Investors and analysts are celebrating what’s widely recognized as the ninth anniversary of the start of the stock market’s current bull run on Friday. And why not? After all, it marks the bear market low set on March 9, 2009, as the world was reeling from the global financial crisis.
By that measure it is also one of the longest—and strongest—bull markets in history. But naysayers argue it isn’t really that ancient, a case that might cheer bulls not comforted by the adage that bull markets never simply die of old age.
Friday “is the anniversary of a big low, most definitely,” said Jeffrey Hirsch, editor of the Stock Trader’s Almanac, in an interview. “I don’t think it is the anniversary of the current cyclical bull market, though.”
Critics dismiss the 20% rule of thumb used to define bull and bear markets. The 20% rule holds that a bear market is under way when an asset falls 20% from its bull-market high, while a bull market begins once it rises 20% from its bear-market low.
Hirsch relies on more specific parameters established by Ned Davis Research. It defines a bull market as 30% rise in the Dow after 50 calendar days or a 13% rise after 155 calendar days. Reversals of 30% in the Value Line Geometric Index also count, he says. A bear market uses the same figures, but in the opposite direction. (Check out Hirsch’s blog post for more details on the parameters and his thoughts on calling bull and bear markets.)
The bottom line is that under this criteria, stocks fell into a bear market between August and October of 2011 and again between May 19, 2015 and Feb. 6, 2016. So that would make the current bull just a shade over two years old.
According to the Stock Trader’s Almanac, the average bull-market move for the Dow Jones Industrial Average is 85.6%, which would put it at 29,000—a level Hirsch thinks the market could test before the bull has run its course.

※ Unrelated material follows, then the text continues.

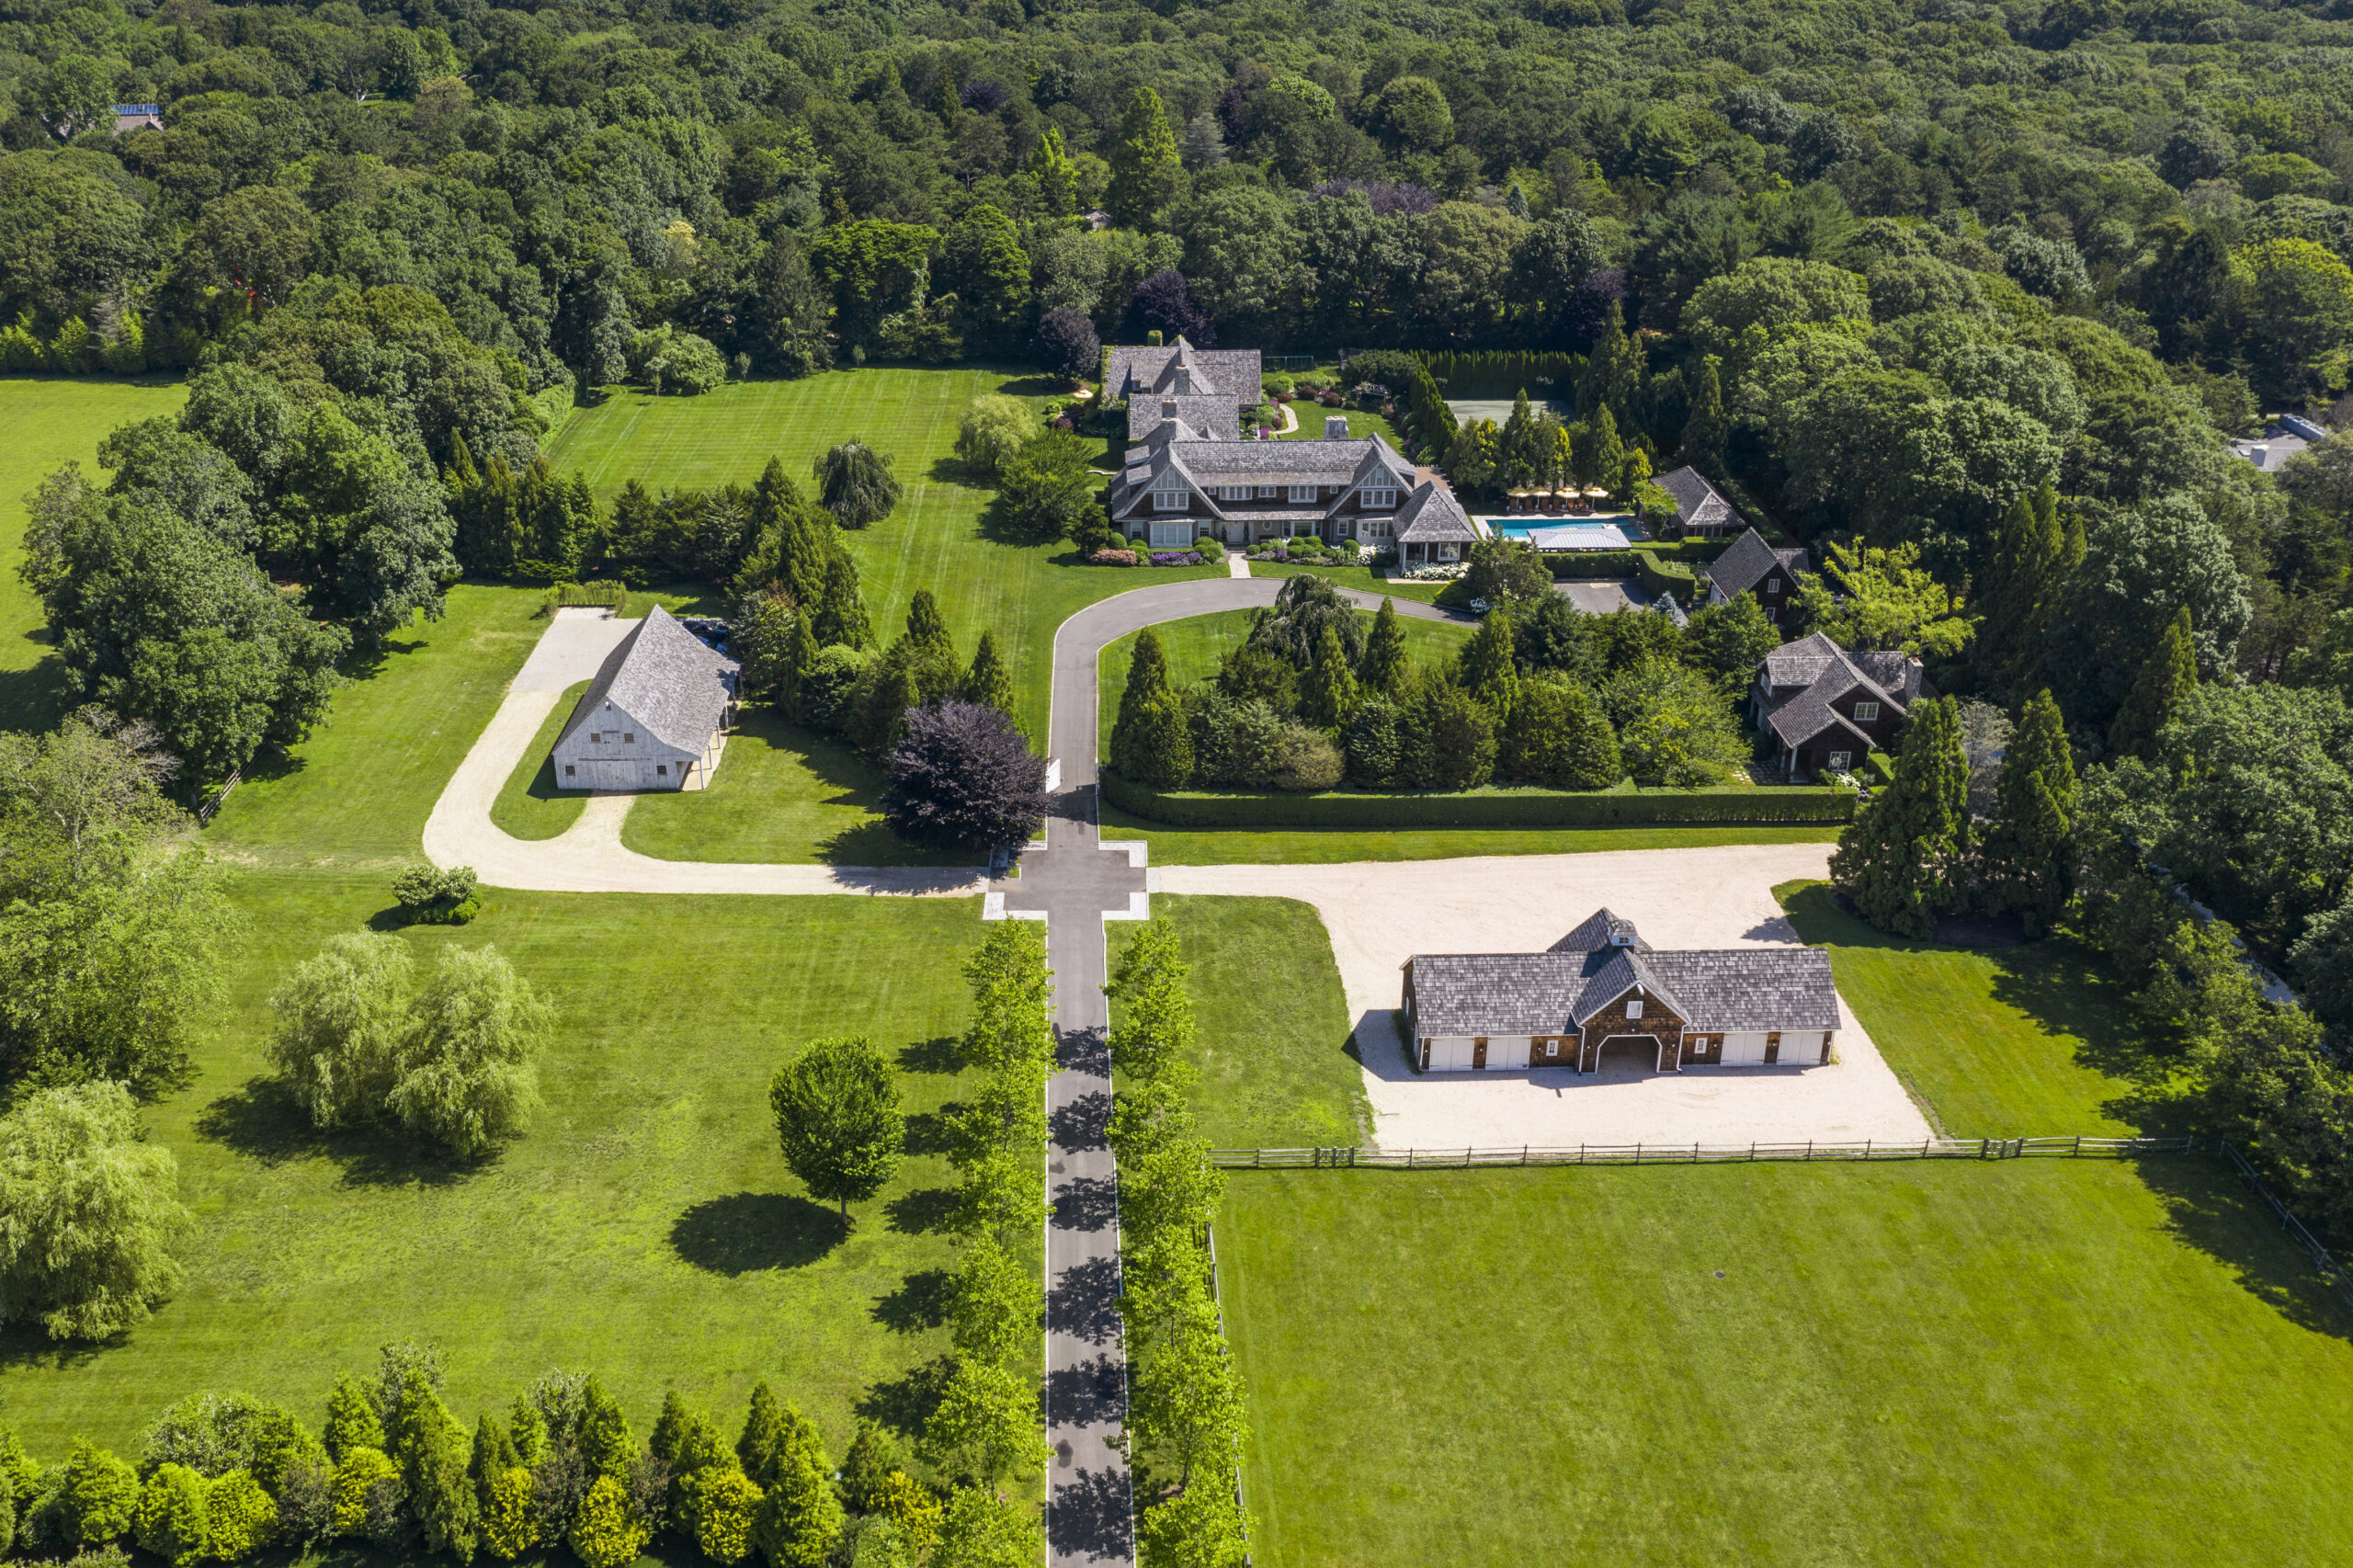 The Cedar Street 21.8-acre compound in East Hampton recently sold for 22.7 million. COURTESY SOTHEBY'S INTERNATIONAL REALTY
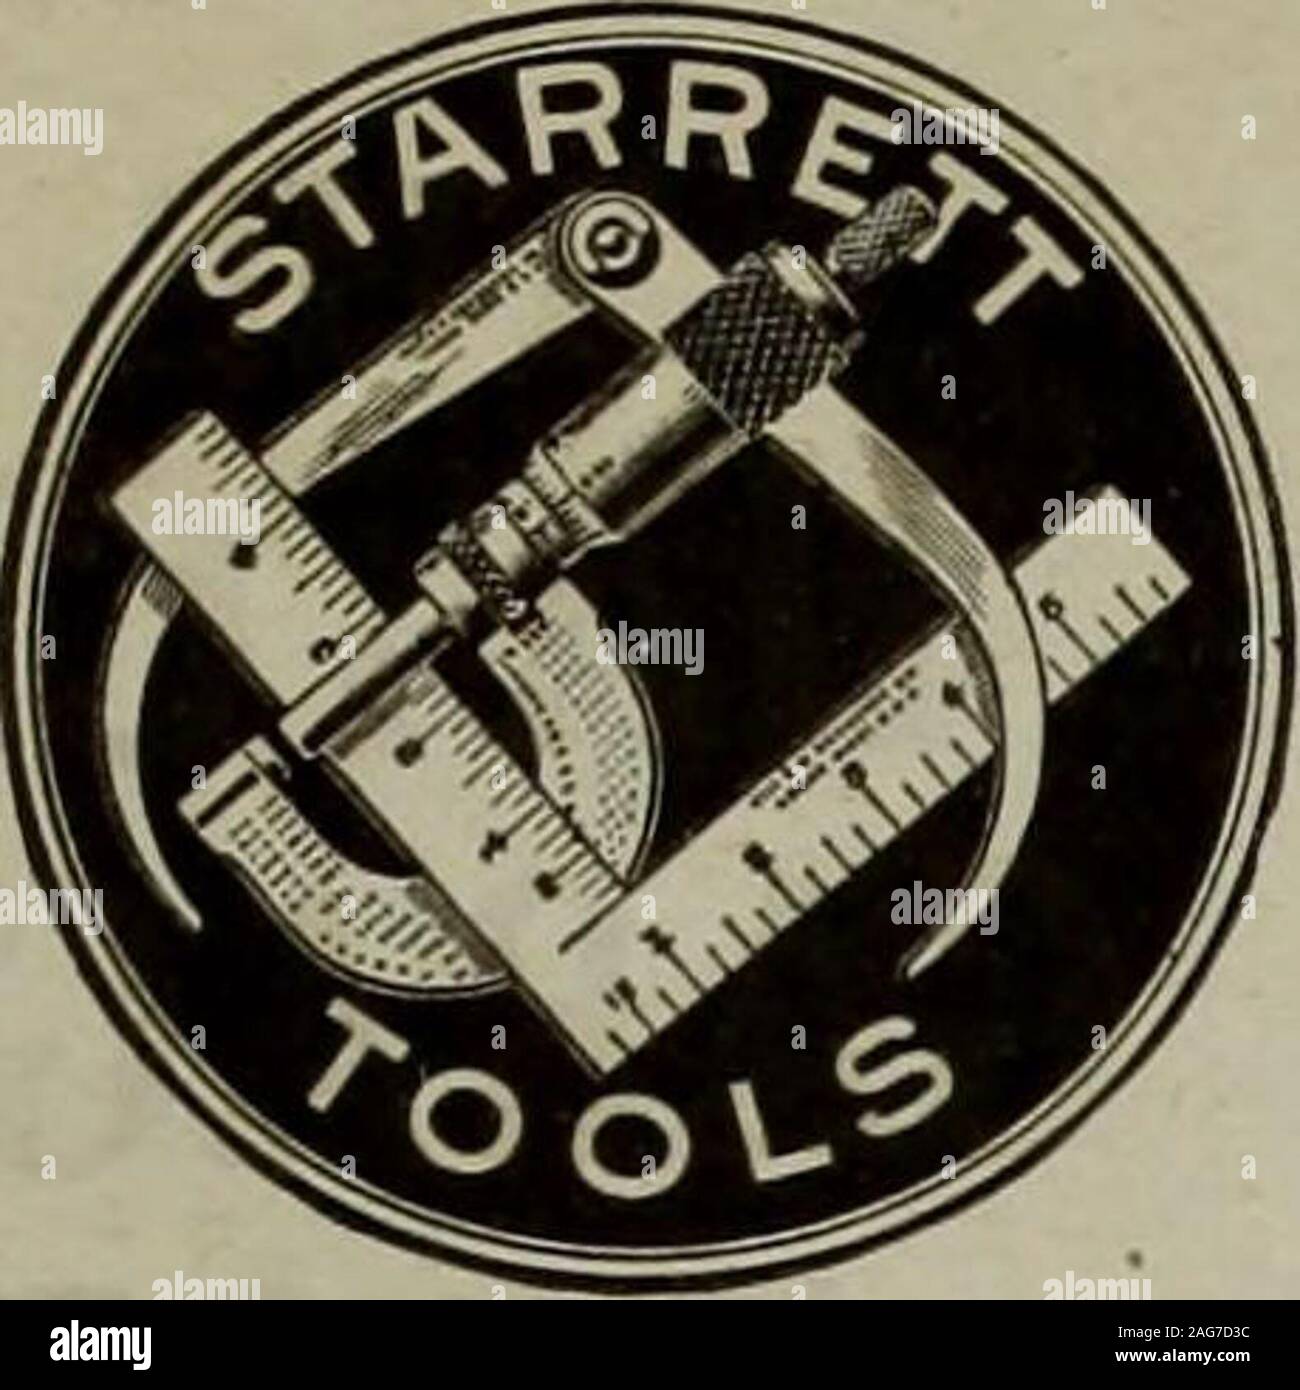 . Hardware merchandising March-June 1917. // interested, tear out this page and keep with letters to be answered. June 2, 1917 HARDWARE AND METAL. nmmimmtmimmmtmtmnmHmmsHmHmiB The L. S. Starrett Co. , The Worlds GreatestToolmakers Athol, Mass. HERE is the most useful measur-ing instrument which machinistsneed in laying out their work. Itis an easy tool to sell because of thecomplicated layouts which are con-stantly arising nowadays in metalmanufacturing. Because of its variety of uses, mosttool-makers and machinists want the Stafreft • »* »i hi en. Surface Gage for scribing lines on the work. Stock Photo

Others, meanwhile, argue that it is illogical to measure a bull market from the previous bear market low. Barry Ritholtz, founder of Ritholtz Wealth Management, has written extensively on the topic. In a Bloomberg View column last fall, he argued that measuring a bull from a bear-market low would be “akin to measuring your own age from your date of conception.”
Instead, he argues that the current bull was born in March 2013, when the S&P 500 index SPX, +1.10% eclipsed its precrisis closing high of 1,565.15 set in October 2007.
But there are still plenty of market veterans who are comfortable celebrating a nine-year anniversary.
“When I think of when the bull market started, it is from the March 9 low,” said Scott Wren, senior global equity strategist at Wells Fargo Investment Institute.
Ryan Detrick, senior market strategist at LPL Financial, pegs the bull market as the second longest at 109 months. That is just behind a 114-month run from October 1990 to March 2009. Over its current run, the S&P 500 is up just more than 300%, also trailing the 1990s bull which saw a trough-to-peak gain of 418% (see chart below).
Does it matter that the bull, by this measure, is getting long in the tooth?
“We want our clients to realize that we are far into this [economic] cycle and we’re getting a bunch of fiscal stimulus whether it is stimulus spending or a tax cut,” Wren said. He expects the boost to extend the economic cycle somewhat, likely allowing the bull market to celebrate a 10th anniversary. But he warns that it is difficult to predict the economy with much confidence beyond the early part of 2019.
The biggest worry, he said, is a mistake by an overly aggressive Federal Reserve that brings the next recession closer, and which could bring the S&P 500 and the Dow Jones Industrial Average DJIA, +1.16% firmly lower.
Ultimately, the debate over when the bull market began is less important for investors than the question of when it ends—and that’s something that might have little to do with it is start date.